Percutaneous treatment of nasoethmoid complex fracture, with splint, wire or headcap fixation, including repair of canthal ligaments and/or the nasolacrimal apparatus

© Copyright 2025 American Medical Association. All rights reserved.

Common Language Description

The CPT® Code 21340 refers to the percutaneous treatment of a nasoethmoid complex fracture, which is a type of facial fracture involving the nasal and ethmoid bones. This procedure is performed using a minimally invasive approach, where the physician accesses the fracture site through the skin without making large incisions. The primary goal of this treatment is to stabilize the fractured bones and restore their proper alignment. During the procedure, the physician may utilize percutaneous pins or screws that are anchored to stable bone structures, along with external fixation devices, to achieve a stable reduction of the fracture. In cases where the medial canthal ligaments, which are crucial for the support of the eyelids, are detached due to the fracture, the physician will reattach them to ensure proper function and aesthetics. Additionally, if the nasolacrimal apparatus, responsible for tear drainage, is compromised, it will be repaired using sutures and tubing to restore its integrity. After the necessary repairs are completed, all incisions made during the procedure are meticulously closed to promote healing and minimize scarring.

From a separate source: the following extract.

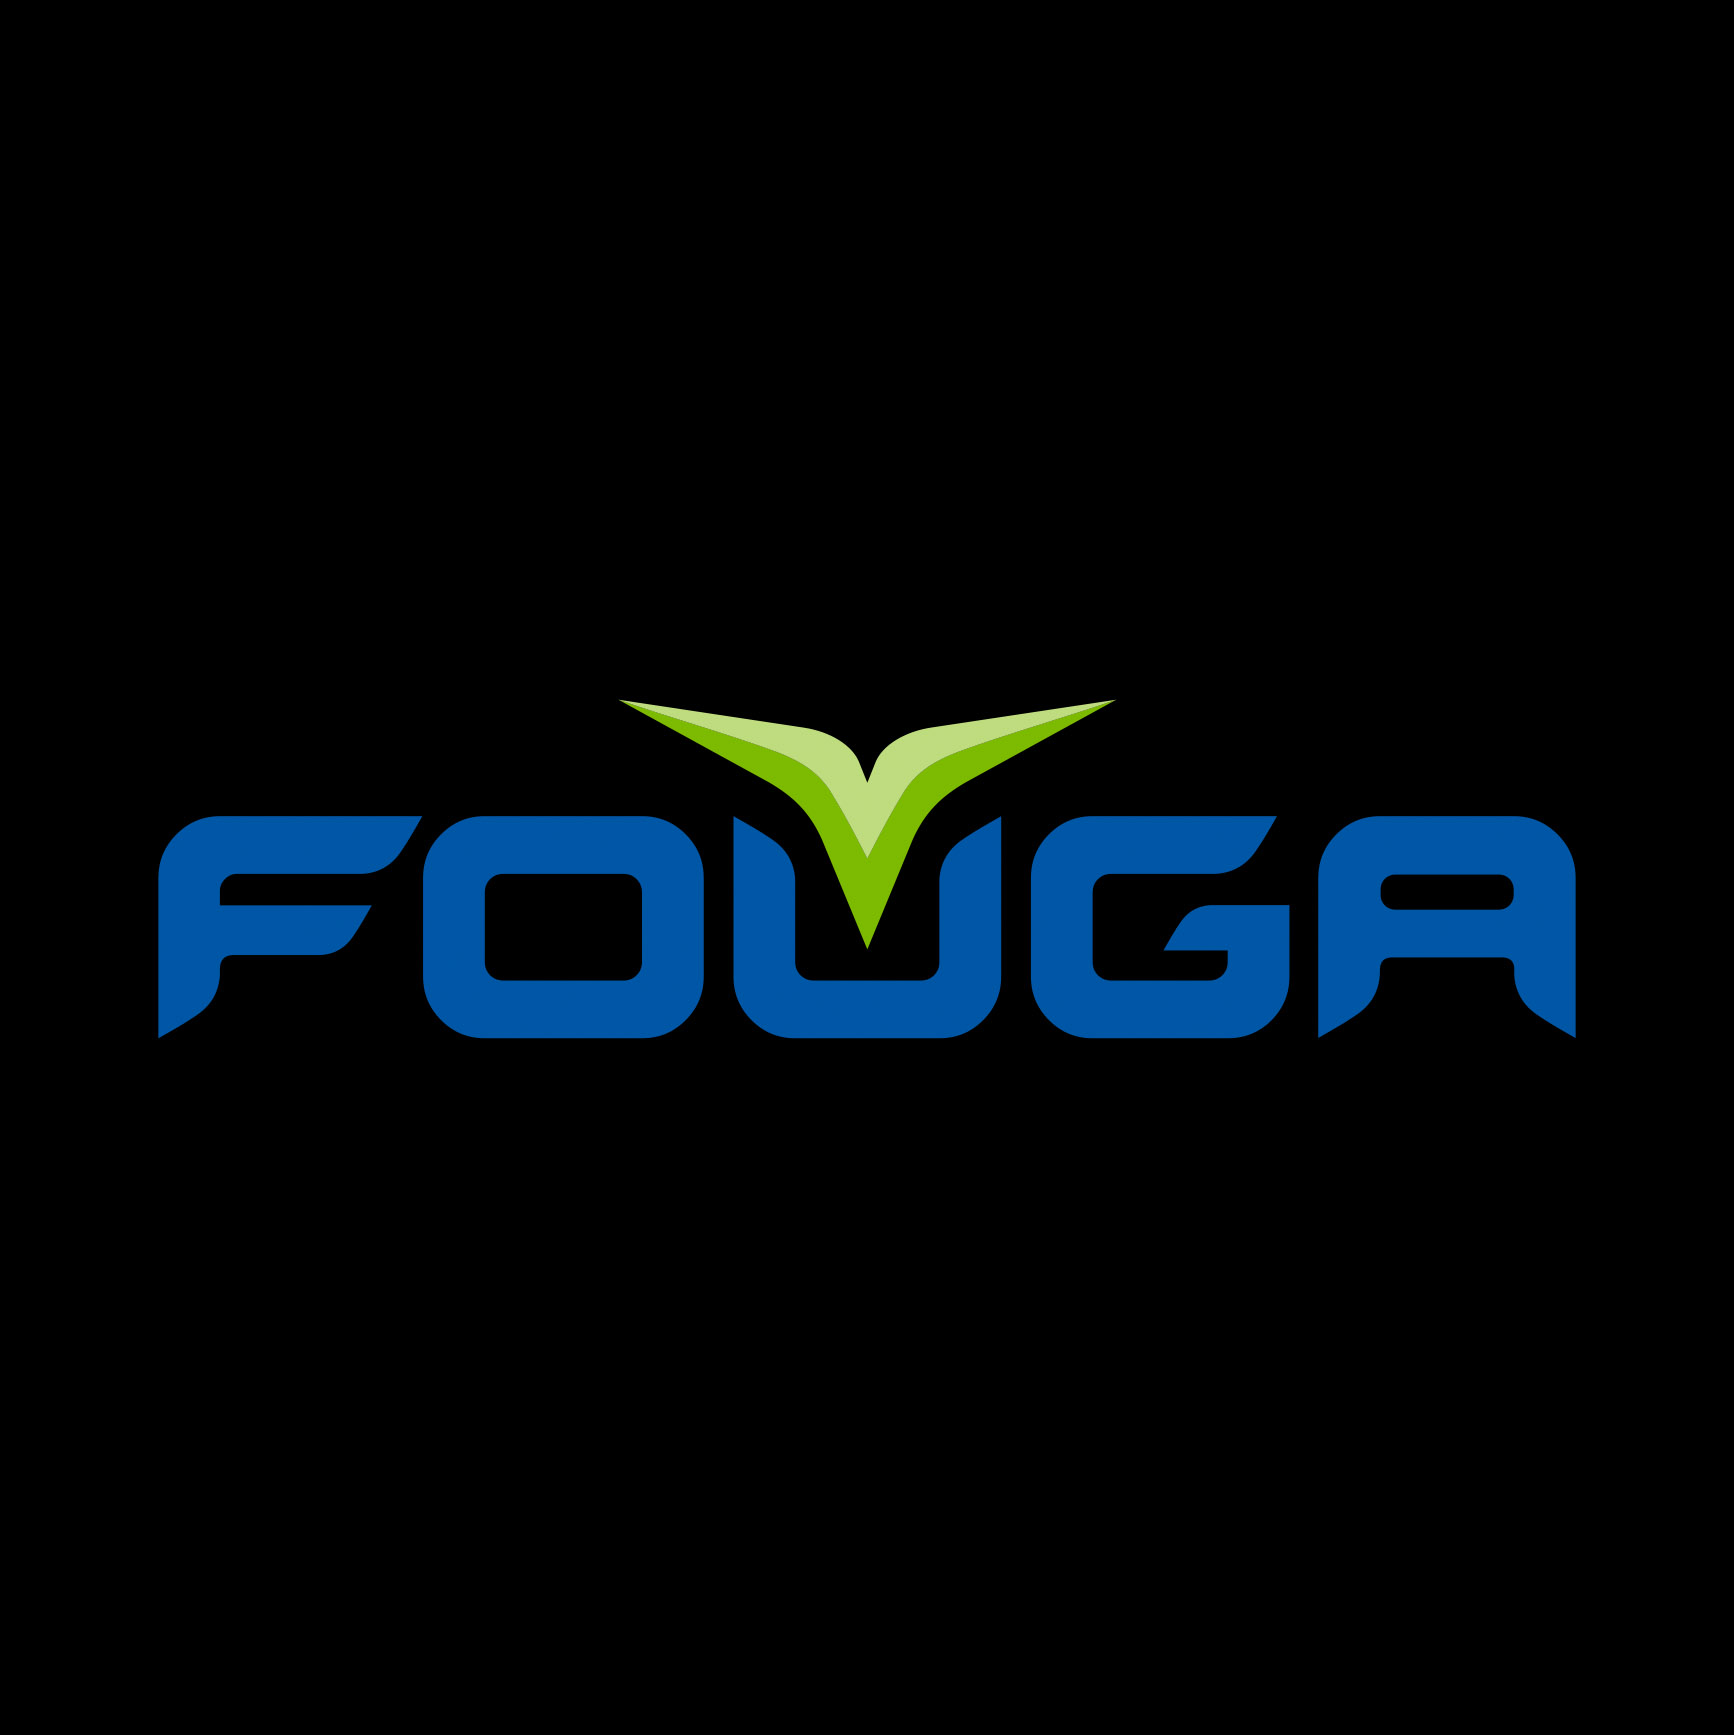 Fouga logo, Therwiz Design, Mika Tervaskangas logonsuunnittelu, yritysilme, liikemerkki Pietarsaari, Pohjanmaa, Suomi

© Copyright 2025 Coding Ahead. All rights reserved.

1. Indications

The procedure described by CPT® Code 21340 is indicated for patients who have sustained a nasoethmoid complex fracture. This type of fracture may occur due to various traumatic events, such as motor vehicle accidents, falls, or physical altercations. The following conditions may warrant the performance of this procedure:

  • Nasoethmoid Fracture A fracture involving the nasal and ethmoid bones, which may lead to complications such as misalignment, instability, or damage to surrounding structures.
  • Detached Medial Canthal Ligaments Injury to the ligaments that support the inner corner of the eyelids, which may require surgical reattachment to restore normal eyelid function and appearance.
  • Compromised Nasolacrimal Apparatus Damage to the tear drainage system that may necessitate surgical repair to prevent issues with tear drainage and maintain ocular health.

2. Procedure

The procedure for CPT® Code 21340 involves several critical steps to ensure effective treatment of the nasoethmoid complex fracture:

  • Step 1: Anesthesia Administration The procedure begins with the administration of appropriate anesthesia to ensure patient comfort during the intervention. This may involve local anesthesia or sedation, depending on the complexity of the fracture and the patient's needs.
  • Step 2: Percutaneous Access The physician makes small incisions in the skin to access the fracture site percutaneously. This minimally invasive approach helps reduce tissue trauma and promotes quicker recovery.
  • Step 3: Stabilization of Fracture Using percutaneous pins or screws, the physician stabilizes the fractured bones by anchoring them to stable bone structures. External fixation devices may also be employed to maintain proper alignment and stability during the healing process.
  • Step 4: Repair of Medial Canthal Ligaments If the medial canthal ligaments are found to be detached, the physician carefully reattaches them to restore their function and support for the eyelids.
  • Step 5: Repair of Nasolacrimal Apparatus In cases where the nasolacrimal apparatus is compromised, the physician performs a repair using sutures and tubing to ensure proper tear drainage and prevent future complications.
  • Step 6: Closure of Incisions After completing the necessary repairs, the physician meticulously closes all incisions to promote healing and minimize scarring. This step is crucial for the overall aesthetic outcome and recovery of the patient.

3. Post-Procedure

Following the procedure coded as CPT® 21340, patients can expect specific post-operative care and considerations. It is essential to monitor for any signs of complications, such as infection or improper healing. Patients may be advised to avoid strenuous activities and follow specific guidelines regarding wound care to ensure optimal recovery. Follow-up appointments will be necessary to assess healing progress and the integrity of the repairs made during the procedure. The physician may also provide instructions on managing pain and any prescribed medications to aid in recovery.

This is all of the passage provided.